Darmono yang juga mantan Jambin periode 2009 itu menuturkan, amat jarang jaksa perempuan yang mampu menempati kursi JAM. Malahan, Ellen sempat menduduki kursi JAM hingga dua kali. Darmono mengatakan, Ellen setidaknya telah memenuhi dua persyaratan.

Pertama integritas. Mantan Kajati DKI itu menilai Ellen memiliki integritas yang baik dalam menjalankan tugas sebagai aparatur penegak hukum hingga menjadi pejabat di Kejaksaan. Kedua, Ellen telah memenuhi persyaratan kompetensi. “Yah minimal beliau bisa membuktikan membawa beliau menduduki jabatan JAM sampai dua kali. Minimal persyaratan itu yakni integirtas maupun kompetensi, dan telah memenuhi persyaratan,” katanya.

Pelaksana Tugas Jaksa Agung setelah ‘lengsernya’ Jaksa Agung Hendarman itu mengatakan, saat menjabat Jambin, Ellen telah menyelesaikan tugas dan kewajibannya dengan baik. Sebab, persoalan di bidang pembinaan berkaitan dengan personil, pengelolaan anggaran, kepegawaian dan lainnya telah terprogram dengan perencanaan program kerja tahunan Kejaksaan.
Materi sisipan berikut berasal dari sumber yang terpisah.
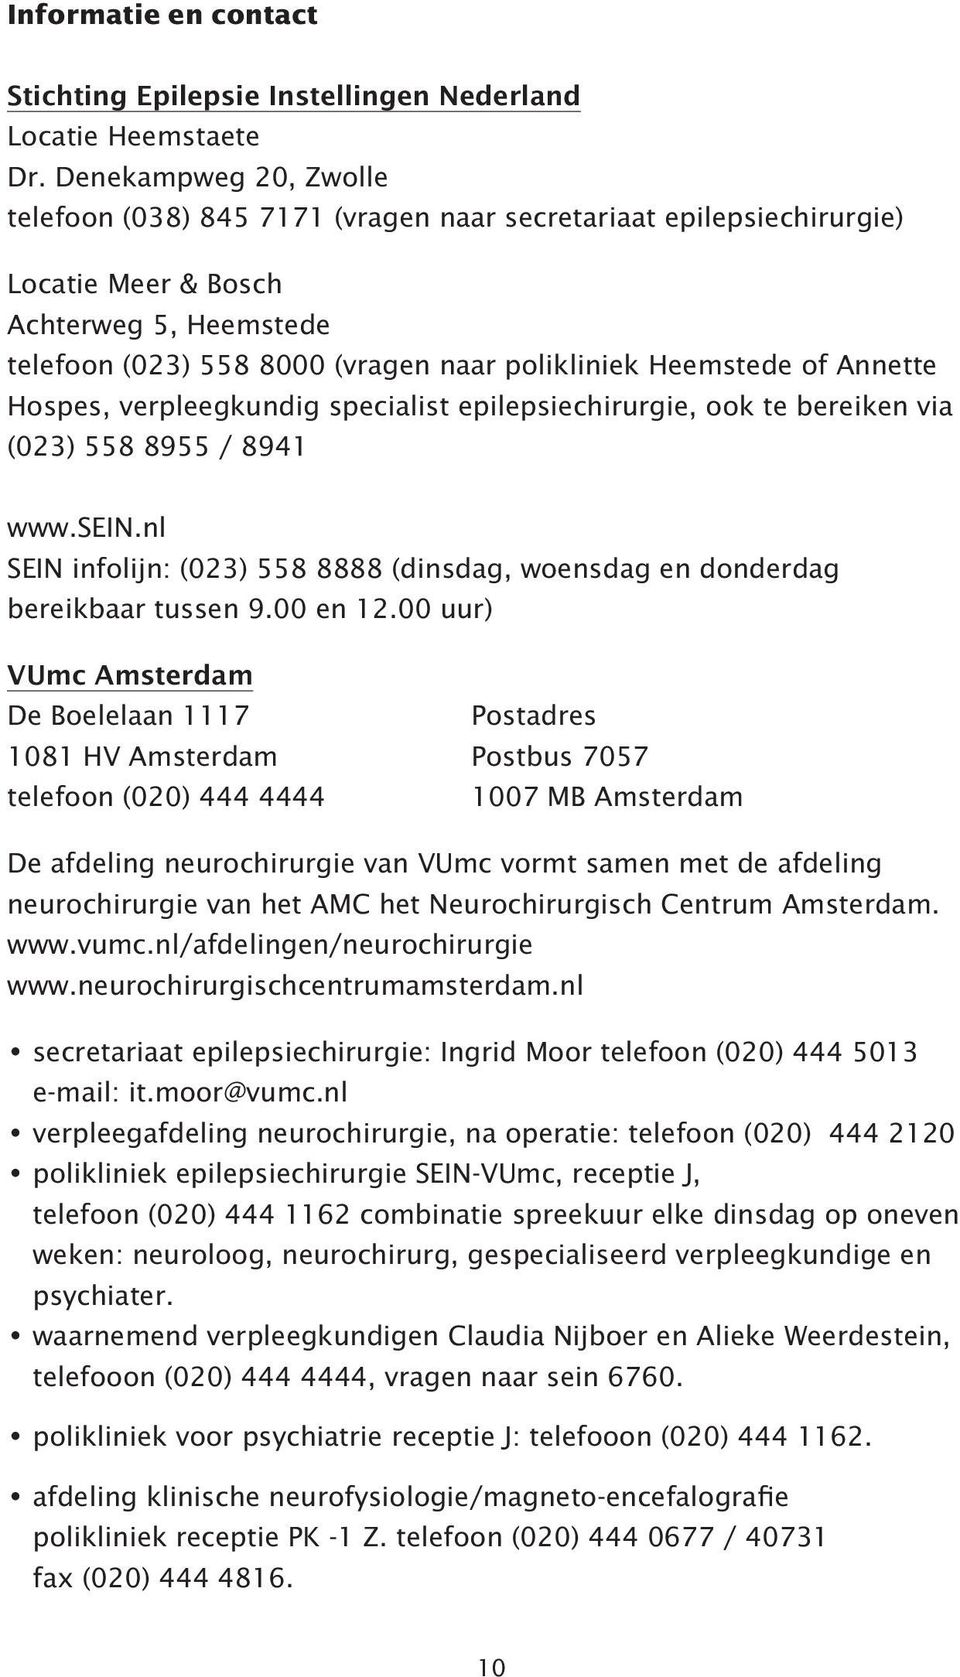 Annette Hospes, verpleegkundig specialist epilepsiechirurgie, ook te bereiken via (023) 558 8955 / 8941 www.sein.nl SEIN infolijn: (023) 558 8888 (dinsdag, woensdag en donderdag bereikbaar tussen 9.

Deputi VI yang membidangi hukum Unit Kerja Presiden bidang Pengawasan dan Pengendalian Pembangunan (UKP4), Mas Achmad Santosa, memiliki penilaian sama dengan Darmono. Menurutnya, Ellen seorang jaksa perempuan yang memiliki dispilin tinggi.

Pria yang disapa Mas Ota itu mengatakan, saat ia menjadi staf ahli Jaksa Agung Abdurahman Saleh, Ellen sangat aktif mendukung sejumlah program pembaharuan kejaksaan. Ellen merupakan figur jaksa perempuan yang mampu menembus puncak karier di korps adhiyaksa. Berbeda dengan jaksa lainnya, Ellen termasuk jaksa yang membuat kantor kejaksaan menjadi hijau dengan banyaknya tanaman.

Selain itu, Ellen termasuk figur pemimpin yang menjadi panutan jajaran di bawahnya. Alhasil, banyaknya anak buah yang senang bekerja di bawah kepemimpinan Ellen. Ota sendiri mengaku dekat dengan Ellen. “She is kind person. Dia perhatian  dengan orang yang membantu kejaksaan dan mendorong reformasi birokrasi,” katanya.

Di mata Mas Ota, sosok Ellen adalah figur jaksa perempuan yang memiliki pergaulan luas, tegas dan disiplin. Menurutnya, kejaksaan memerlukan jaksa perempuan yang dapat menjadi pemimpin di korps adhiyaksa. Sayangnya, sejak  Ellen purnabakti, belum terlihat jaksa perempuan yang memiliki keberanian dan karier seperti Ellen.

Meski telah pensiun dari korps adhiyaksa, Mas Ota berharap Ellen tetap berkarya dan mengabdi di jalur pendidikan dan hukum. Bahkan, dapat memberikan pengalaman spektakuler sepanjang menapaki jejak karier sebagai seorang jaksa perempuan yang mumpuni.

“Saya kira beliau harus sering-sering membagi ilmu kepada jaksa muda di Pusdiklat. Di samping universitas-universitas juga bisa mendayagunakan ilmu dia baik di hukum pidana, praktek hukum dan tata usaha negara dan sebagainya,” pungkas mantan anggota Satgas Pemberantas Mafia Hukum itu.